Я обещаю. Он пятится, высунув язык, спрятав ролики за спину — на случай, чтобы бабушка, если проснется, ничего не поняла. Когда он уходит, я выдавливаю улыбку и падаю на табурет. Людовик Сарр сегодня отправился со своим отцом в «Футуроскоп» в Пуатье. Рауль поехал бы с ними, если бы не был наказан. Остается надеяться, что он не притворялся, а действительно пришел для того, чтобы получить свои ролики.
Я не решаюсь выйти вслед за ним и задать прямой вопрос. Но ведь если я ошибся, он снова замкнется, как делал всегда, инстинктивно находя спасение в молчании.
Весь остаток дня я уверяю себя, что правильно поступил, не настаивая, убеждаю себя, что сам все выдумал: он не слышал меня, он ничего не заподозрил; единственная тайна, занимающая его, — это секреты друзей, ссоры; заботы, соответствующие его возрасту.
Не знаю, то ли мне в конце концов стало чуть легче, то ли ситуация обернулась в мою пользу, но в половине седьмого, пока теща и орнитологи смотрели по телевизору Тур-де-Франс, я отправился в гипермаркет. Впервые после шестого июля мне было не так тяжело.
— Купишь мне малиновый уксус? — издалека кричит мне Ингрид.
Она кормит птиц на закате, окруженная чирикающим облаком, гармонией красок, в туче перьев вырванных соперничающими видами. Я застываю, чтобы запечатлеть в памяти этот образ. Не так уж все и плохо сегодня вечером. Не то чтобы я наконец принял неизбежность потери — скорее меня переполняли нежность и спокойствие, приглушенное отчаянием. Надо было ощутить в себе порыв к самоубийству, холодную решимость, сгусток смелости, растущий и твердеющий где-то внутри; надо побороть трусость, заставляющую существовать так дальше. Не думаю, что покончу с собой. Но и не жалею, что так близко подошел к черному зеркалу. Я снова смотрю на себя. Я снова себя узнаю.

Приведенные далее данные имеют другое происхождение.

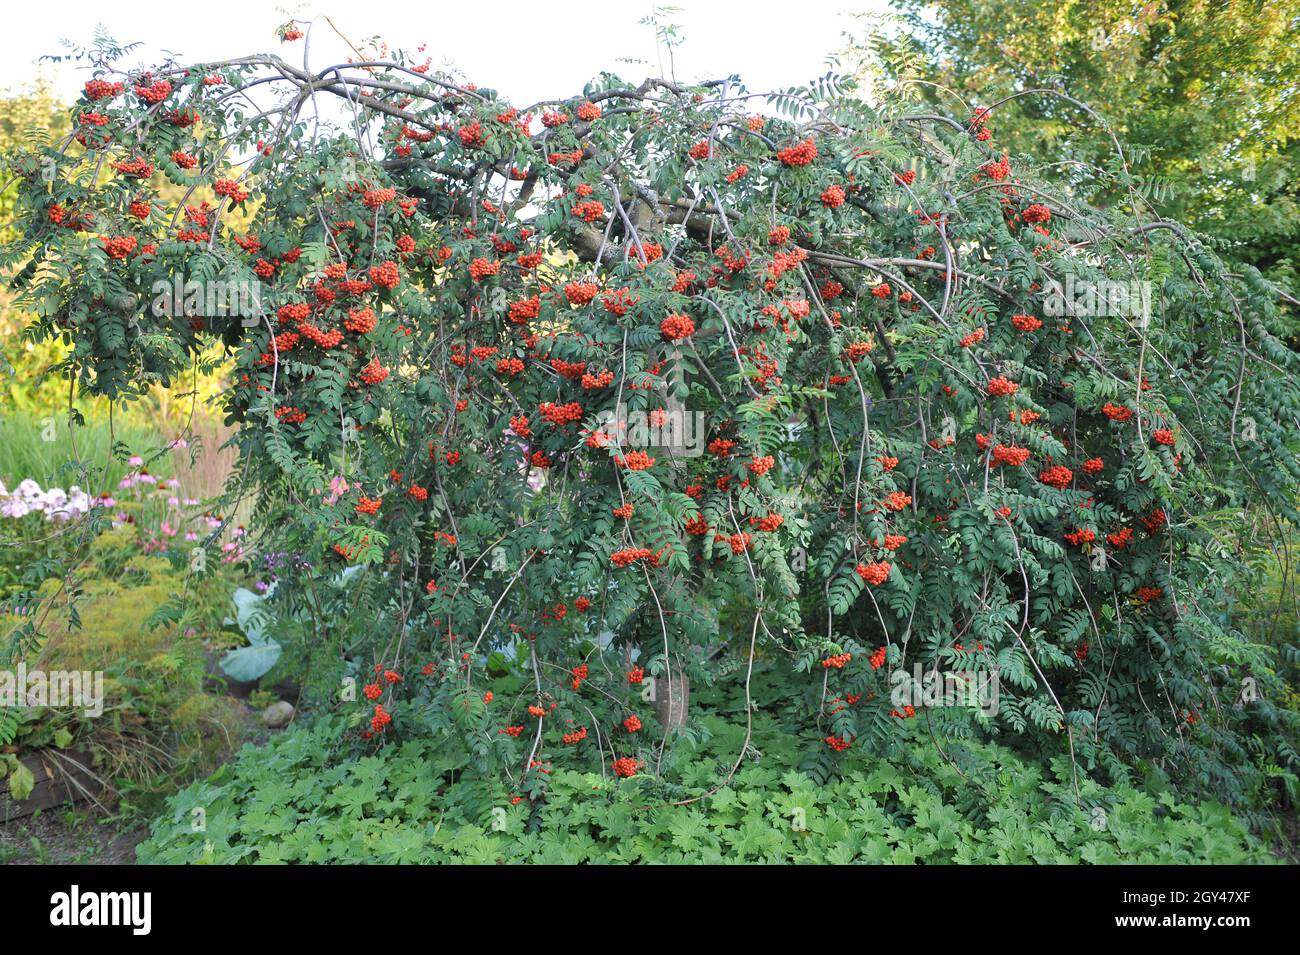 La cenere di montagna europea piangente (Sorbus aucuparia Pendula) porta frutti rossi in un giardino nel mese di agosto Foto Stock
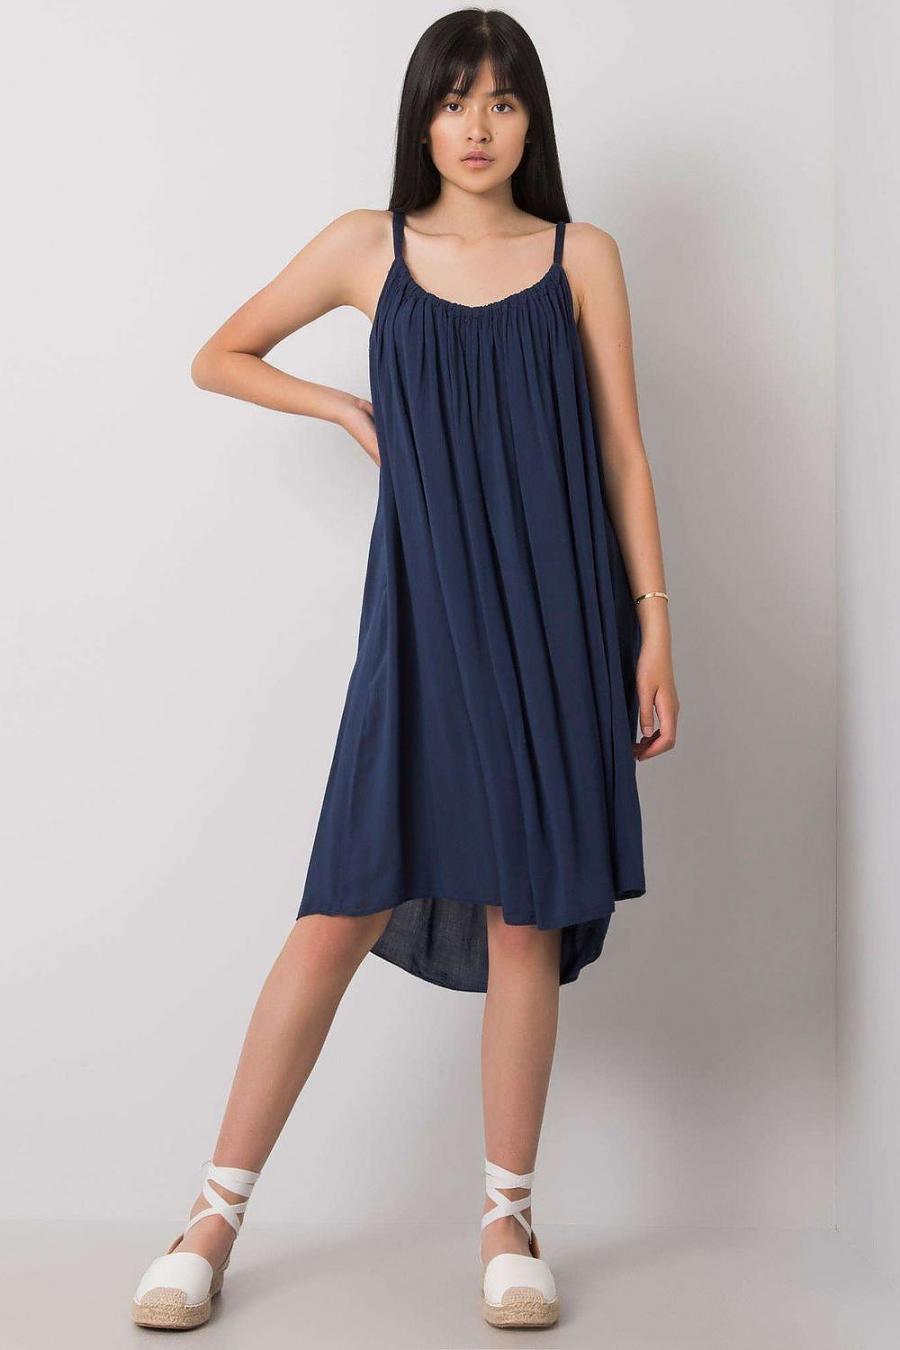 Ostatní značky šaty dámské 165898 - Tmavě modrá - velikost S

Любовь сильнее, чем утрата любви. Если однажды Ингрид вернется ко мне, я хочу удержаться от падения в ад.
Я делаю шаг по направлению к ней; вокруг нее дерутся из-за зерен птицы. Секунду они смотрит на меня из-под ладони. Я шепчу ей:
— Ты — женщина моей мечты.
— Что?
Она не расслышала — в этот момент сороки предприняли атаку на синичью кормушку. Ничего страшного. Я хотел сказать, что она не станет причиной моей смерти. Я улыбаюсь ей и прижимаю к себе. Она не сопротивляется и почти стонет, отказывая. Но наше взаимное желание сильнее ее отказов. Мы целуемся взасос, ее ногти впиваются мне в шею, я прижимаюсь к ней и шепчу:
— Что, если нам расстаться хорошими возлюбленными?
Она вздыхает, гладит мою щеку, нежно отвечает, что я ничего не понял, и что так даже лучше, что она всегда будет любить меня, и что не нужно загадывать на будущее, а если не окажется малинового уксуса, я могу купить яблочный: он пригодится для соуса к телятине. Она разворачивает меня и подталкивает к машине. Я счастлив. Я вновь верю в счастье. И вновь оживаю.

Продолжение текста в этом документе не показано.